The utilization of education among university educated employees in private companies and public institutions

Ingi Rúnar Eðvarðsson, Guðmundur Kristján Óskarsson, Jason Már Bergsteinsson


The aim of the article is to examine whether there is a difference in the utilization of education among university educated employees in private companies on the one hand and public institutions on the other. The target population of the research was based on a random sample drawn from the National Population Register by the National Survey of the Social Science Research Institute of the University of Iceland from 9 March to 9 April 2016. The survey included 2,001 individuals, aged 18 or above, from all over the country. A total of 1,210 persons responded to the survey.
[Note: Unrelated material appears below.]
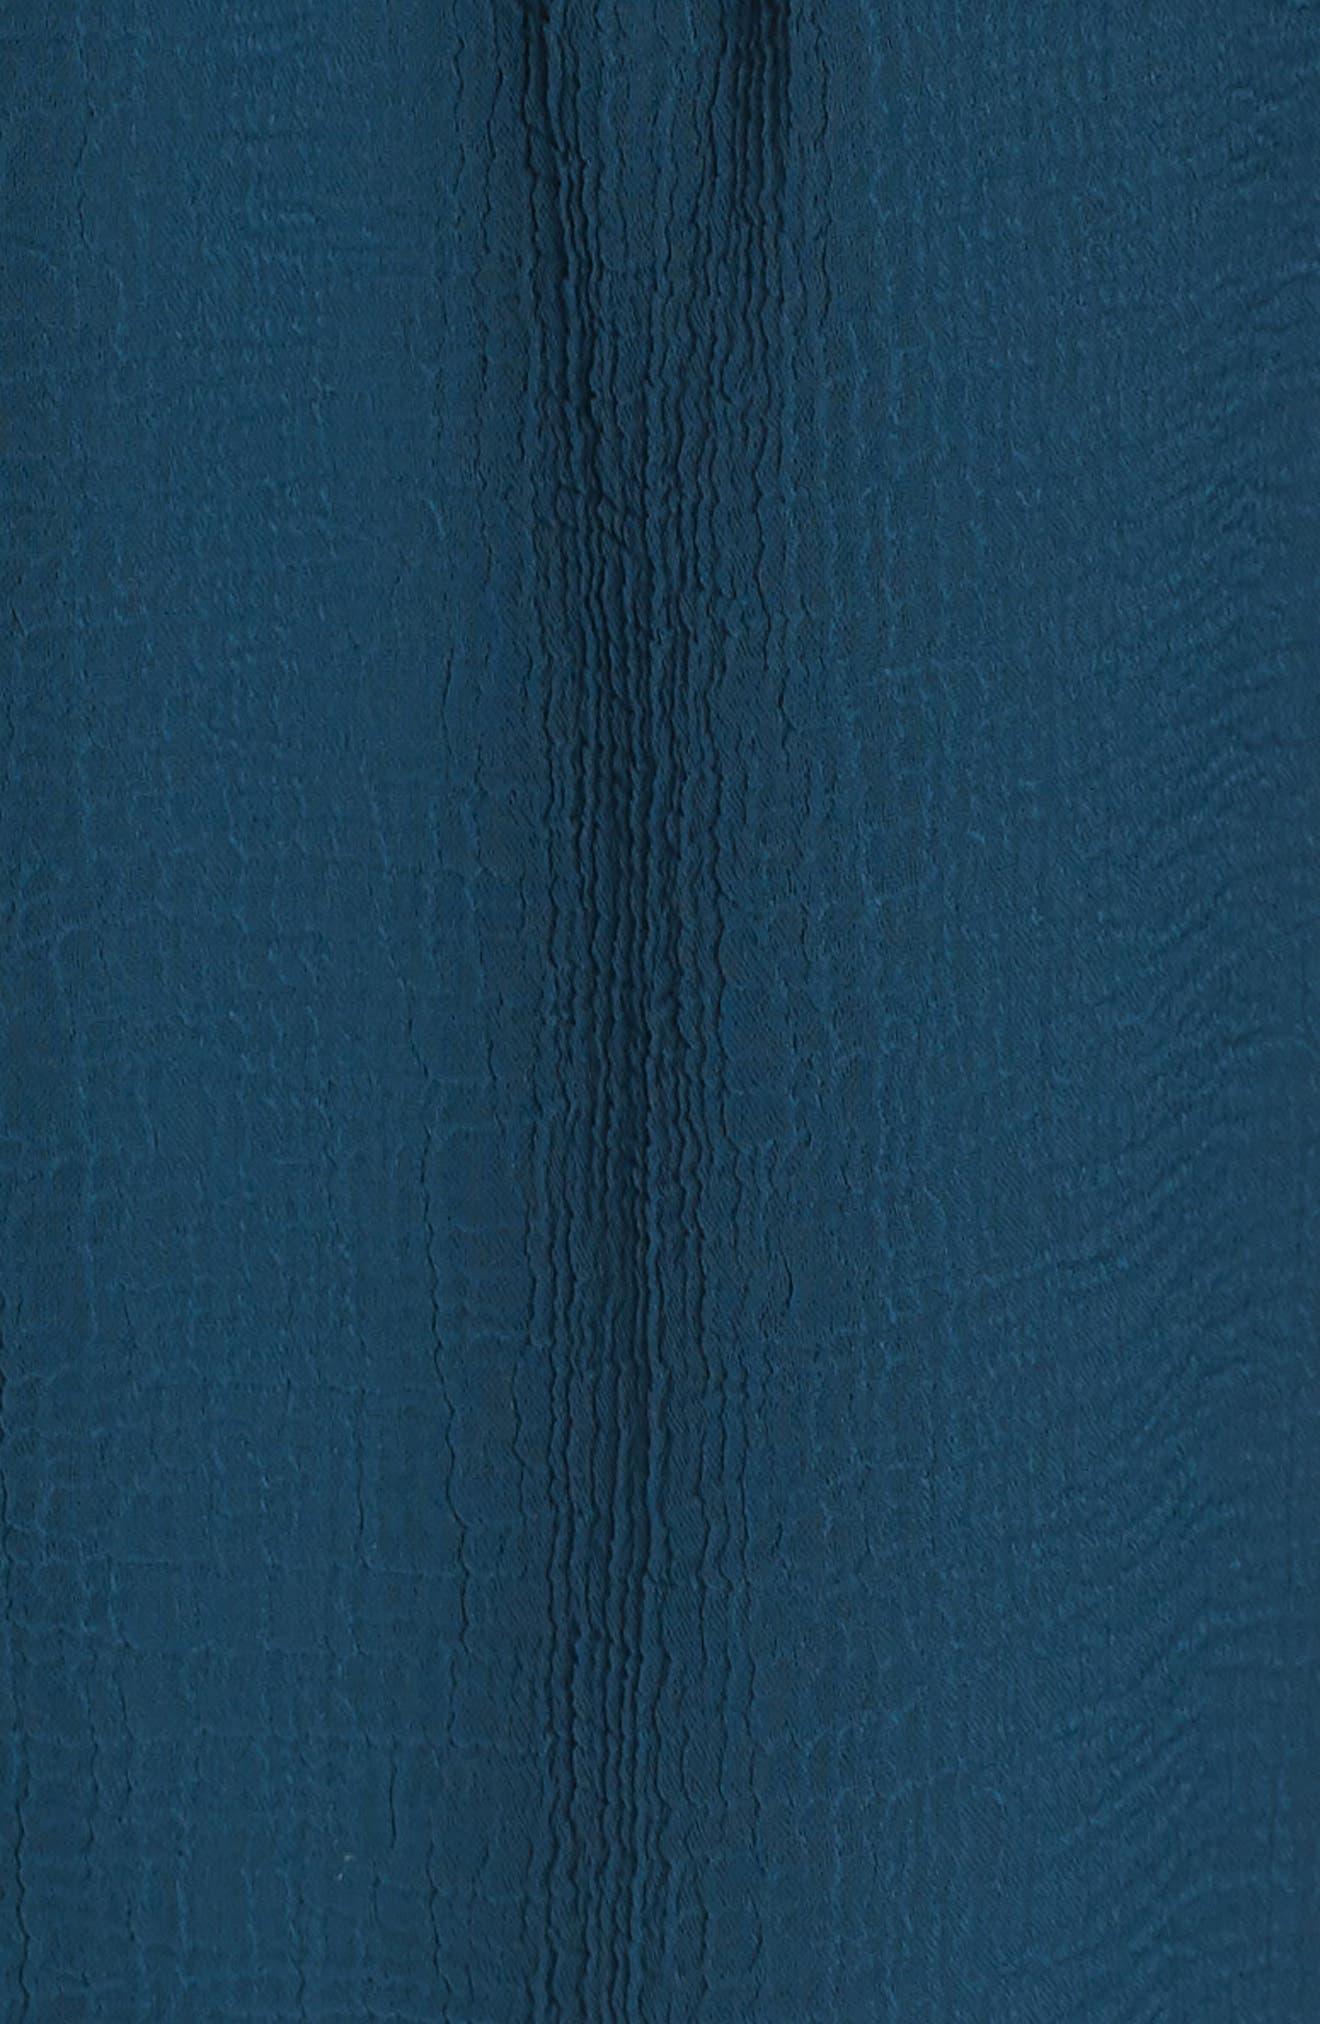 Bishop Sleeve Blouson Dress,                             Alternate thumbnail 6, color,                             441

This research only involved those participants in the sample who had completed a university education and were salaried employees in Iceland. After data cleansing, 374 participants remained, 178 males and 196 females. The initial results of the research indicated that 20.3% of participants were over-educated for their jobs. The majority of females work in public companies, while the majority of males work in private companies. Individuals with under-education are most likely to be found within public companies, at the same time as over-educated individuals are most likely to be found in private companies (the difference lies in the under- and over-education of females). Those working in public companies come primarily from educational and health sicences, while engineers and natural sicentists work primarily at private companies. Incomes are higher in private companies.


Over-education; private companies; public institutions; university education.